85% of IT directors in the UK say CRM (customer relationship management) applications deliver the lowest level of business value. This is the, to many unsurprising, result of a survey conducted by research firm Vanson Bourne for ERP vendor JD Edwards. It was based on a sample of 100 UK IT directors and CIOs (chief information officers). Brian Tinham reports
85% of IT directors in the UK say CRM (customer relationship management) applications deliver the lowest level of business value. This is the, to many unsurprising, result of a survey conducted by research firm Vanson Bourne for ERP vendor JD Edwards. It was based on a sample of 100 UK IT directors and CIOs (chief information officers).
Evidently the survey sought to identify the applications seen by non-IT company management to be delivering best value. Almost one third (32%) said that e-business initiatives (undefined) had delivered higher levels of business value when compared with other core business applications. Stand-alone CRM, however, was roasted as delivering lowest value. Most (76%) said that CRM had delivered less value than e-business, supply chain and ERP systems.
In fact, it found that manufacturing specifically has failed to achieve virtually any benefit from CRM. Just 4% of IT directors listed it as the application “delivering the highest level of business value to the company”. ERP was given the thumbs up as delivering greatest return on investment, despite criticism in recent years, with 48% listing it as their most valuable application, mostly in terms of operational efficiencies.
There will be several reasons for this, not least of which is that CRM has been so vastly hyped by a vendor community apparently desperate to have something different to sell. But to this, observers and those that have done it would add the problems of user, as well as management, acceptance, and integration with the incumbent ERP system.
Cynics would also comment that CRM, for most in manufacturing, needs to be nothing more than an extension of the sales order processing module of ERP. Proponents of CRM say it provides businesses with better visibility; detractors note that ERP, executed properly, has always been about that.
Certainly, asserting that CRM conveys the ability to perform functions like web-based product configuration, supplier relationship management, even supply chain management and aspects of supply chain execution, is little short of insulting our intelligence.
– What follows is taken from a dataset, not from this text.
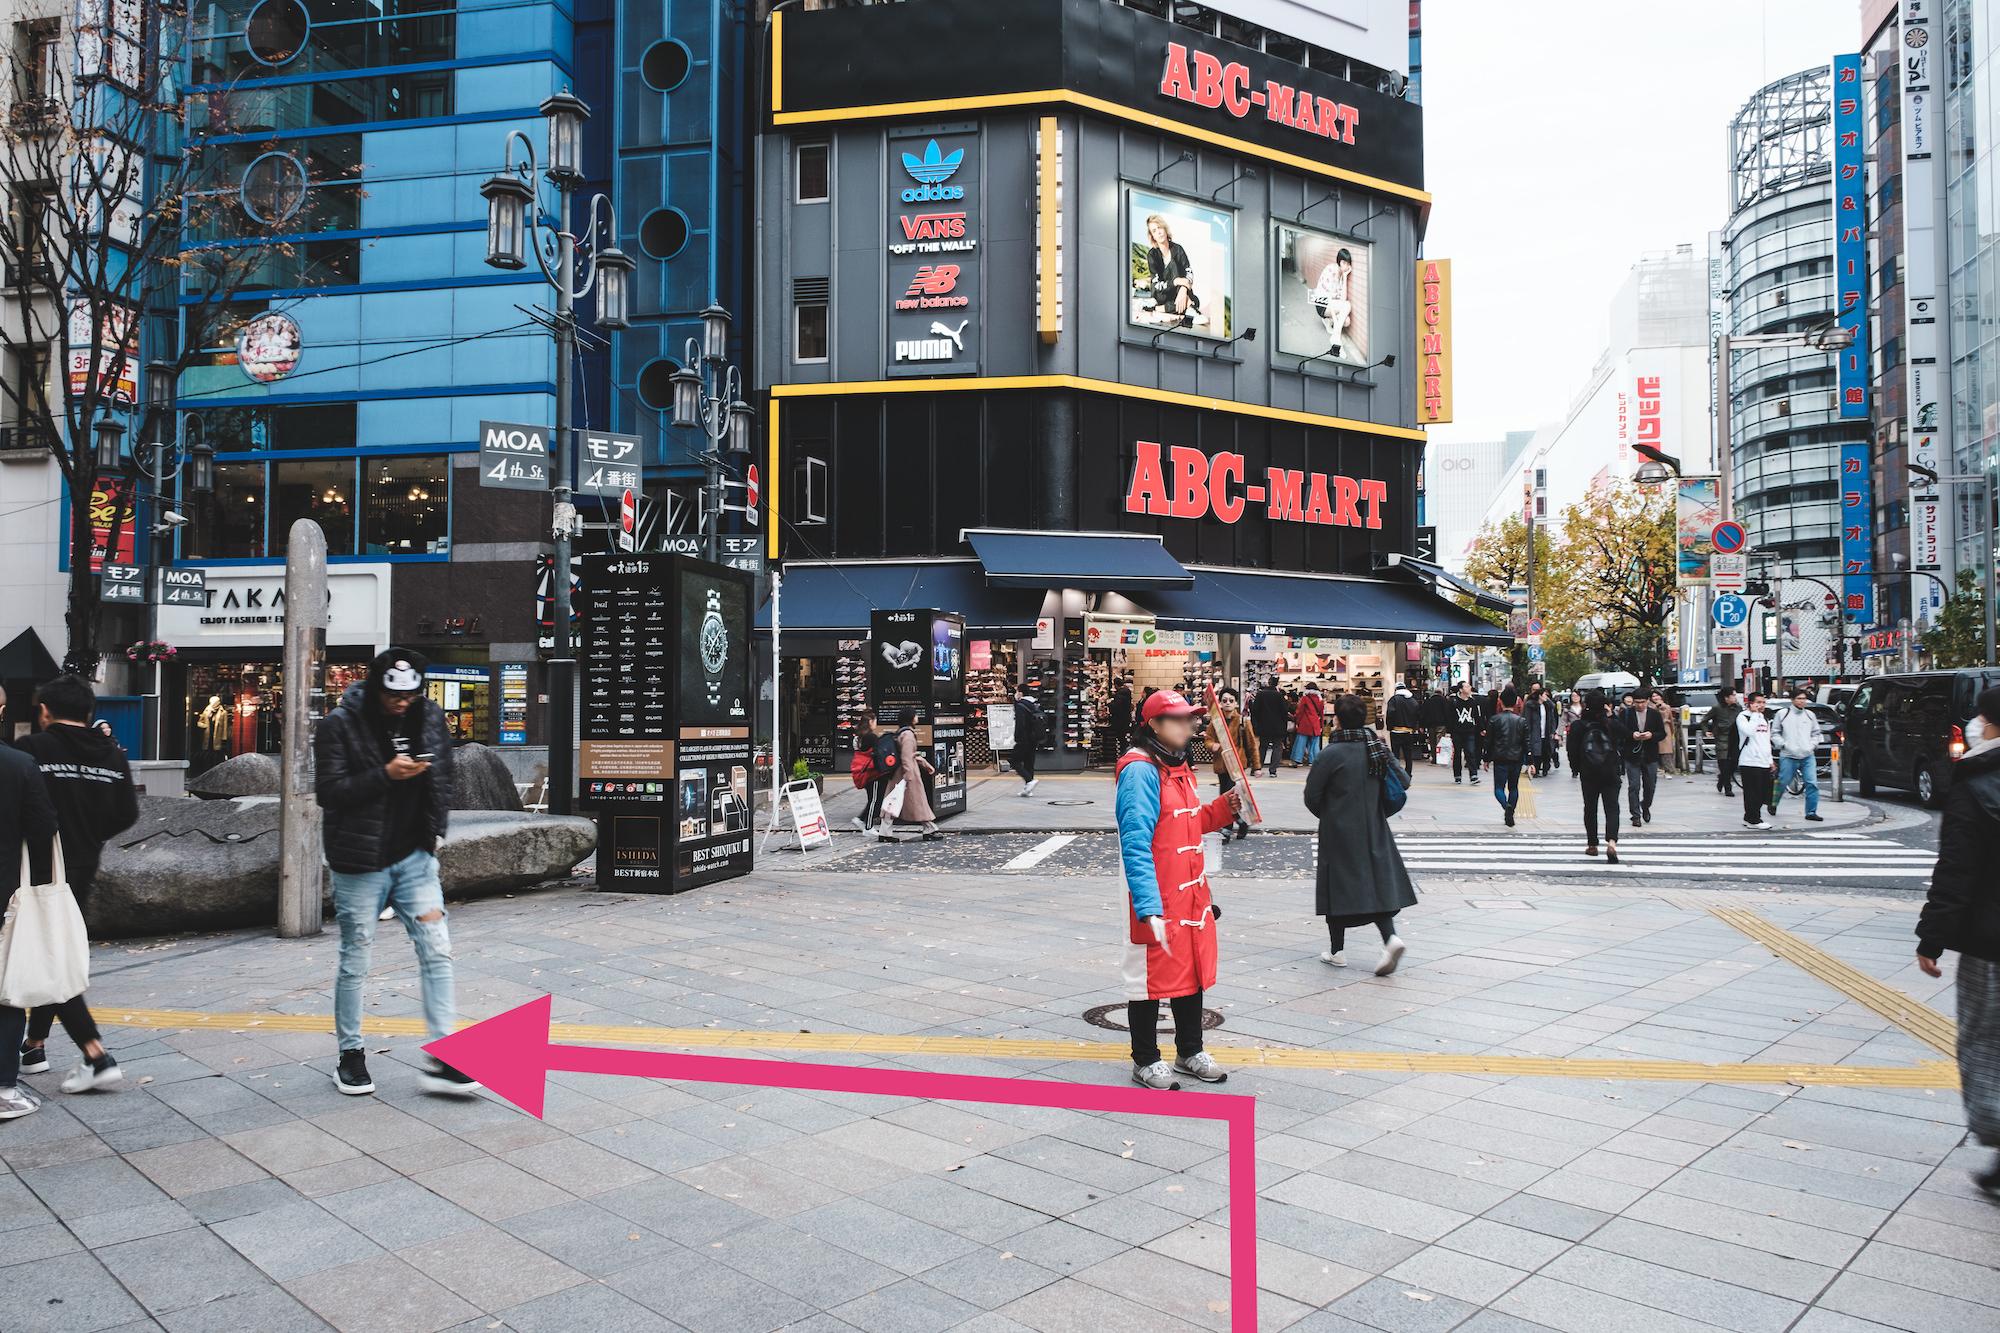 ABC-MARTが見えたら左へ曲がります。

Those suites exist and have done for some time – and the web largely makes them cheaper and more worth implementing.
Joel Reed, product marketing manager for JDE’s formerly Youcentric CRM offering, notes that in his experience manufacturers express key problems as lack of visibility of demand on the one hand, and sales forces still taking orders and promising delivery for products that are neither on the production schedule, nor in stock. And that results in the familiar expediting nightmare. Does that say CRM required?
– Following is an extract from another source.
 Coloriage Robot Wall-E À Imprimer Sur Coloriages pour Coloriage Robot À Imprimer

He argues that ERP systems to date haven’t delivered that kind of visibility and hence the problem. But Colin Hudson, CRM specialist for the firm, notes that market forces direct vendors to separate CRM as a special, separate application – the market forces promulgated by the vendors themselves.
That’s not to say we don’t need to support what’s tritely called the customer-facing aspects of our businesses with robust and helpful IT. And there’s no doubt that this needs to be sales force focused and therefore process-orientated and free format, as opposed to purely transactional. But for most, suites like product configurators added to their existing ERP systems, and data driving customer/sales modules, even dare we say, a spreadsheet or two, are quite enough.
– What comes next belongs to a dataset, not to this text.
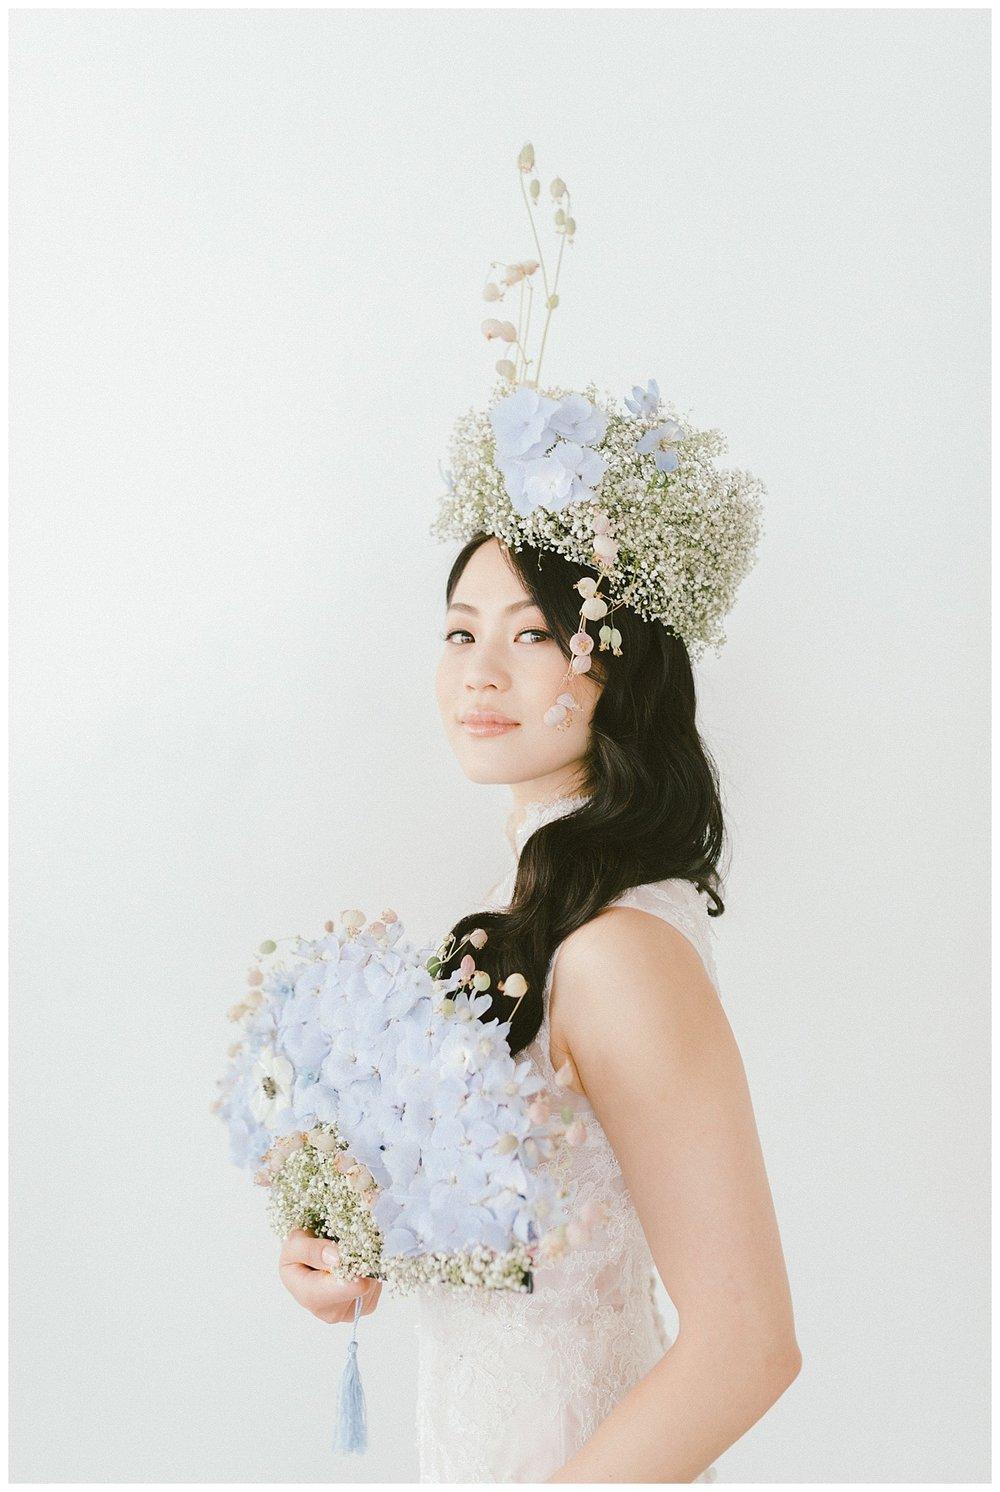 Hong Kong Fine Art Wedding Prewedding Photographer 00025.jpg

Nevertheless, JDE says that no fewer than 60 of its CRM systems have been sold world-wide since the acquisition and integration programme last year, with two in the UK.
And the firm quotes a couple of satisfied users. Indianapolis-based Inland Paperboard and Packaging, for example, is using a module of CRM module called Advanced Order Configurator (AOC), which lets sales staff configure product orders for customers ensuring right product, right time, and the implication is that it’s helping in ‘mass customisation’.
Inland is also implementing a self-service web site, a place where its customers can buy products and check order history and delivery status.
Sounds good, but don’t call that CRM.